By any standard this book is a theological landmark. Its author is an eminent and prolific Asian-American Evangelical theologian and professor of theology at the Regent University School of Divinity in Virginia Beach, Virginia, whose many writings on interreligious dialogue and pneumatology opened new ways for Evangelicals to respond positively to the challenges of cultural and religious pluralism.
This book on theology and Down Syndrome, and physical and intellectual disabilities in general is one of its kind. To my knowledge, beside Thomas Reynolds’ Vulnerable Communion: A Theology of Disability and Hospitality (2008), it is the most comprehensive and thorough proposal to rethink Christian theology of disabilities. Down Syndrome is not a mere theoretical issue for Yong. Rather the seeds of his theological reflections were sown in 1975 his youngest brother Mark was born with Down Syndrome.
Yong is extremely sensitive to the methodological problem of writing about Down Syndrome and physical disabilities in general when he himself is not suffering from them. In whose voice and for whom is he writing, he asks. In addition the theme requires an inter-, multi-, and transdisciplinary approach as disability is a concern not only in matters of education, health, and housing but also in economic, political and political spheres. Appealing to what he calls a “pneumatological imagination,” Yong exhorts his fellow Evangelicals to heed the fact that on Pentecost the apostles’ preaching was heard by each in his or her own language (Acts 2:4-11).
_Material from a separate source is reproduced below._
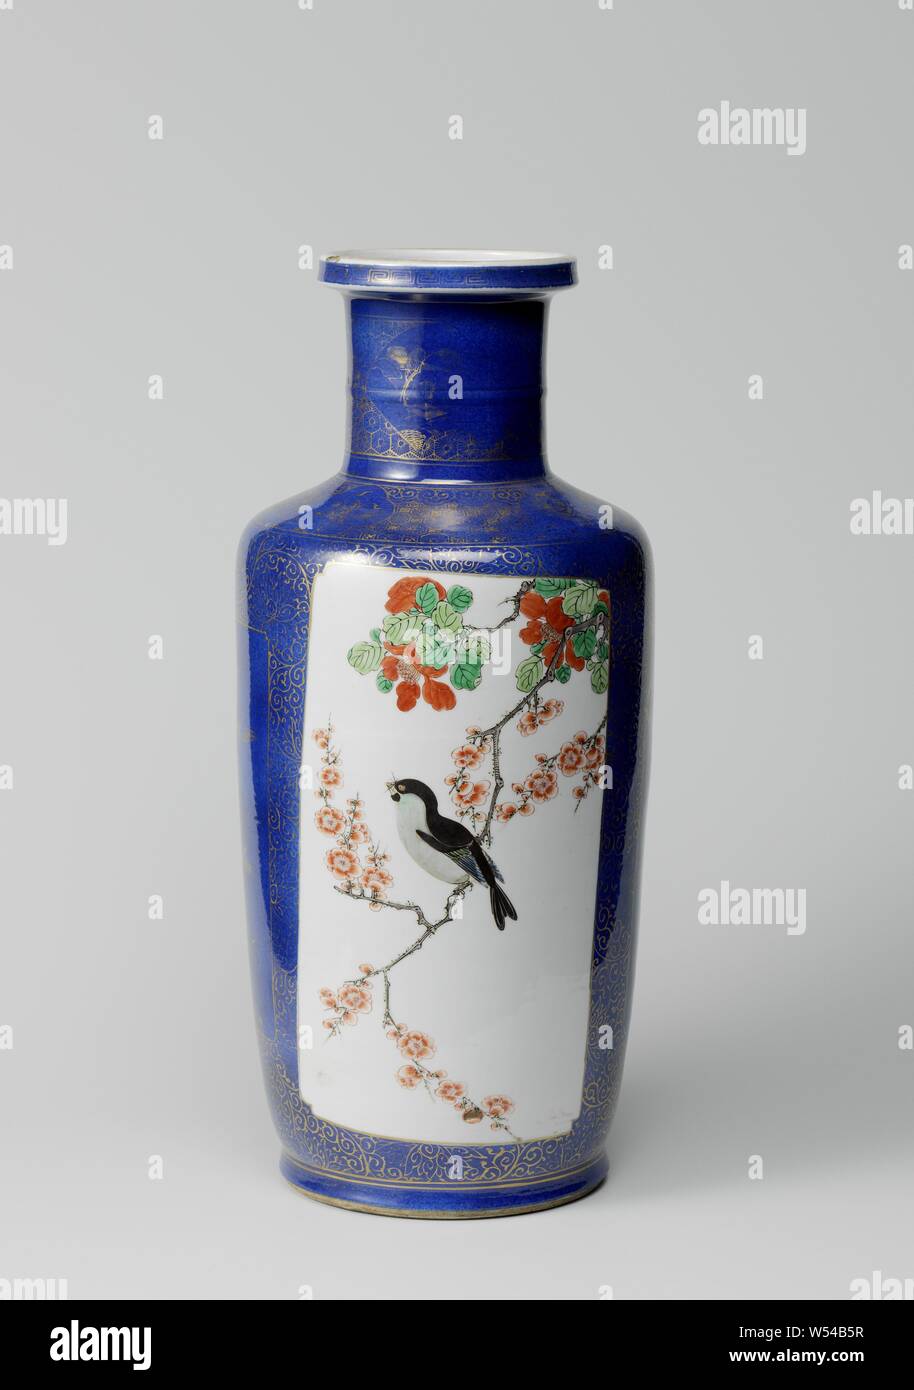 Vase cylindrique de poudre bleu et panneaux en réserve avec les sprays de fleurs et oiseaux bleu, rouge, vert, jaune, noir et or. Le vase est recouvert de bleu poudré (bleu poudre) avec deux cartouches Rectangulaire avec coins pressé rempli d'un oiseau sur une branche de fleurs (prunus et de pivoine), sur la décoration d'un bleu dans l'or de la boucle de fleurs stylisées et de deux cartouches rectangulaires avec une touche les coins, remplie de roches, du bambou et de la direction générale des deux oiseaux, l'autre avec la direction générale de prunus et un papillon sur l'épaule, une bande ruyi avec motif motif géométrique alternant avec des cartouches lobes Banque D'Images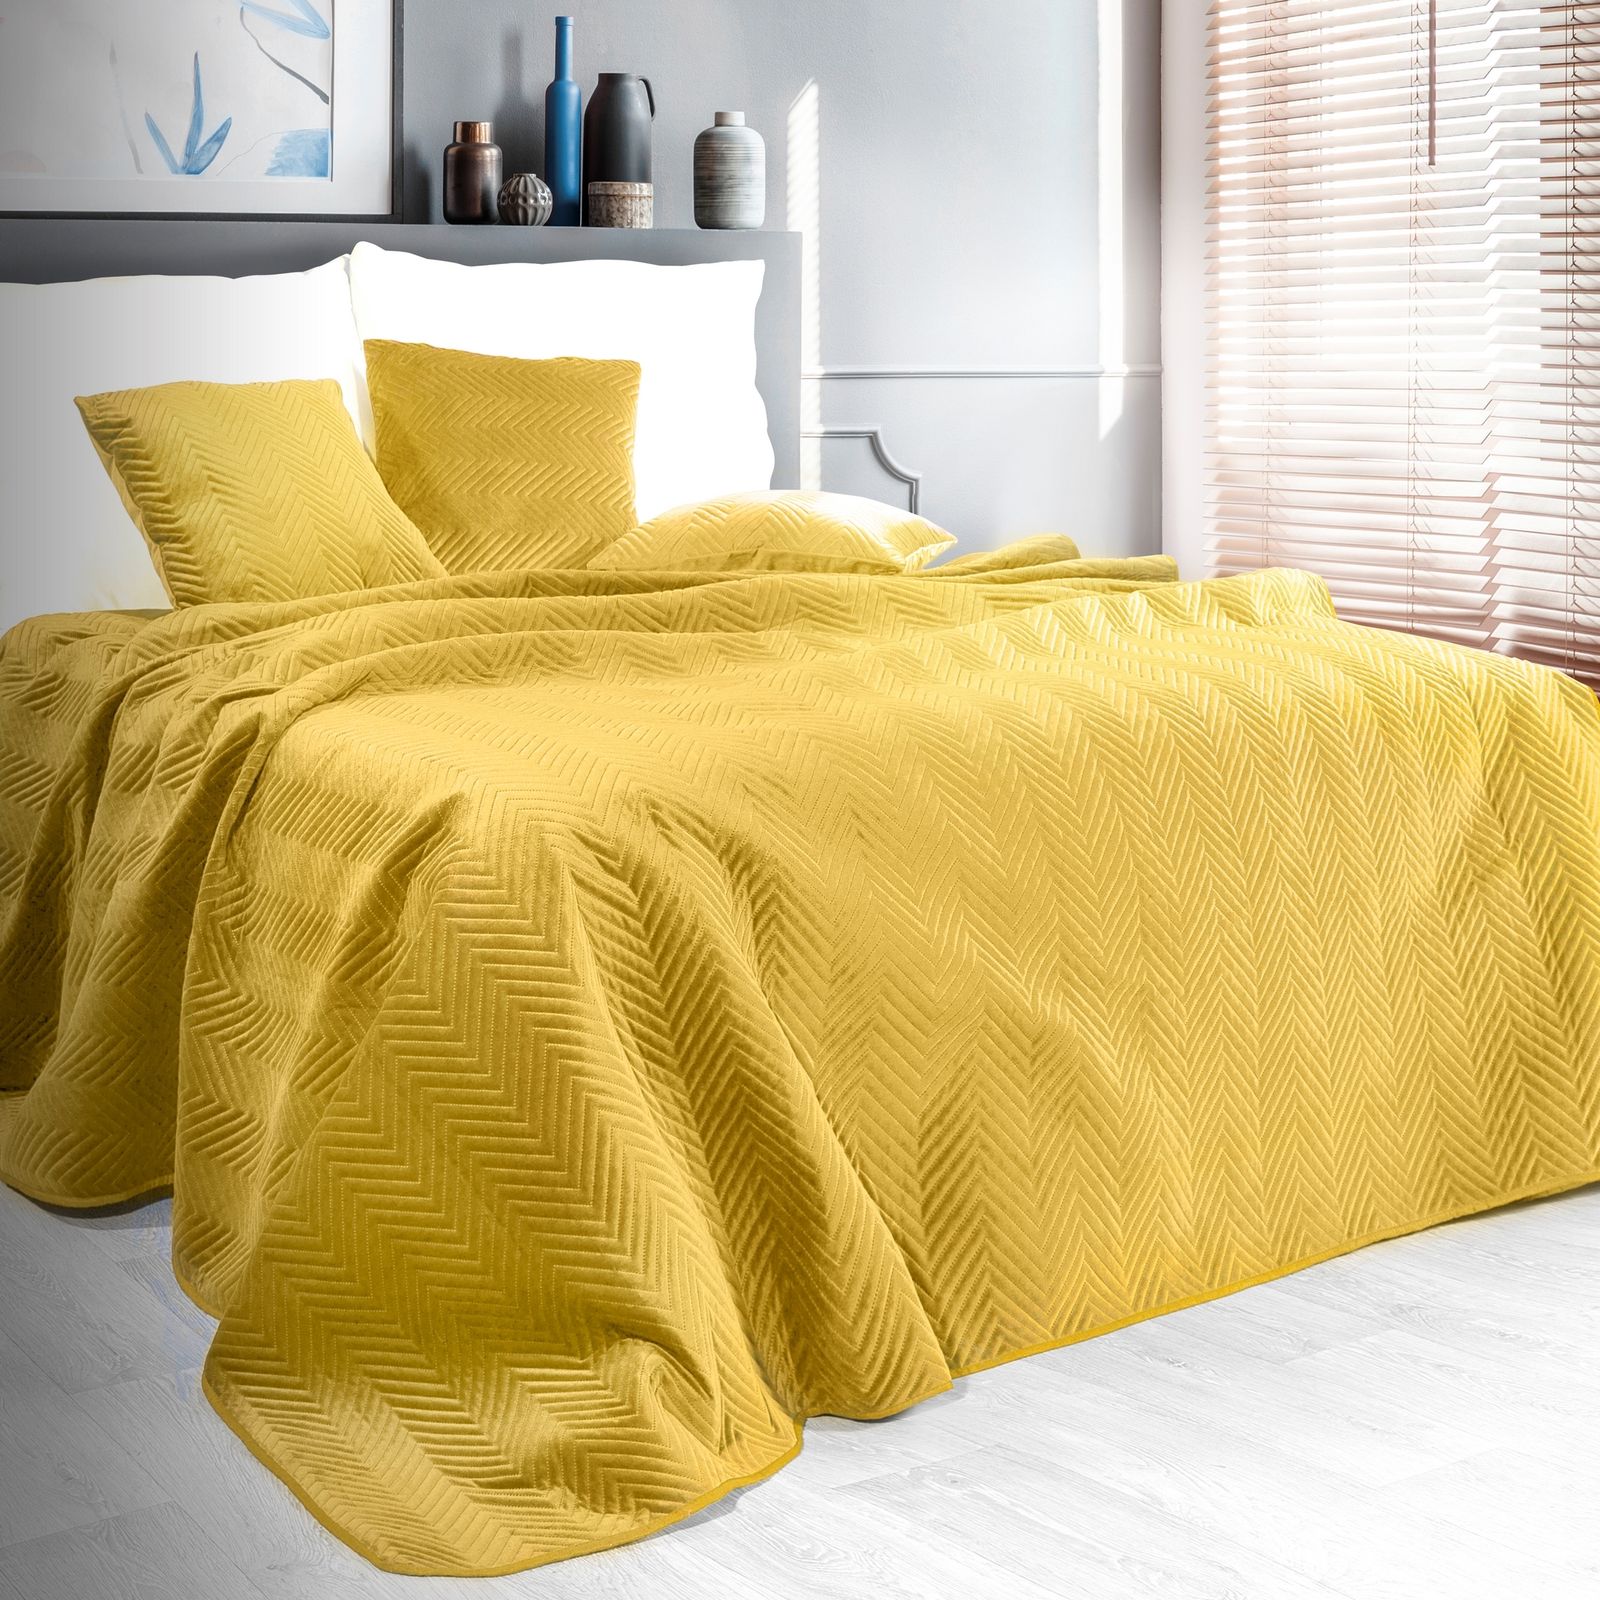 Горчичная кровать. Покрывало 240 260 горчичное желтое. Покрывало 220х240 горчичный. Покрывало горчичного цвета. Плед на кровать.

The new languages in which the Gospel is heard today include those of the academic discourses and scientific disciplines, and of course, of the people suffering from disabilities themselves.
Yong divides his book in three parts comprising nine chapters. The first chapter introduces the theme of Down Syndrome and physical and intellectual disabilities and the method of “pneumatological imagination.” The second chapter gives an overview of how the biblical images of disability—the blind, the lame, the deaf—have been used in Western theology to marginalize persons with disability from full participation in community life. Part Two, with three chapters, studies how Down Syndrome and disability was treated in medical sciences, how the medical discourses of disability characterizing the disabled as idiot, moron, feebleminded, mongoloid, retard, developmentally disabled, cognitively disabled, intellectually disabled have been destabilized by postmodern thought, and how the theological discourse on disability can be expanded and enriched by being placed in the global context of feminism.
The Part III offers a reconstruction of the main loci of Christian theology to meet the challenges of disabilities. In four chapters Yong reimagines the doctrines of creation, providence, imago Dei, ecclesiology, soteriology, and eschatology. Yong’s proposals are wide-ranging and yet well-focused, and in spite of his enormous scholarship in several fields, readers never get lost in the maze of Yong’s sophisticated arguments. They are gently and expertly guided toward not simply new understandings but also practical actions. Yong amply fulfills his promise of offering “a performative theology that informs, shapes, and guides the practices of the church” (13). After perusing this book, one can no longer looks at disabled people in the same way. Yong’s final questions keep haunting: “I now ask you: will you repent of your complicity in discriminating against people with disabilities? And following from that, what will you do with the gifts God has given you to renew the world?” (295). The best book on theology of disabilities so far, Theology and Down Syndrome is most enthusiastically recommended not only to theologians but also to all those engaged in “emancipatory advocacy” (9) for people with disabilities.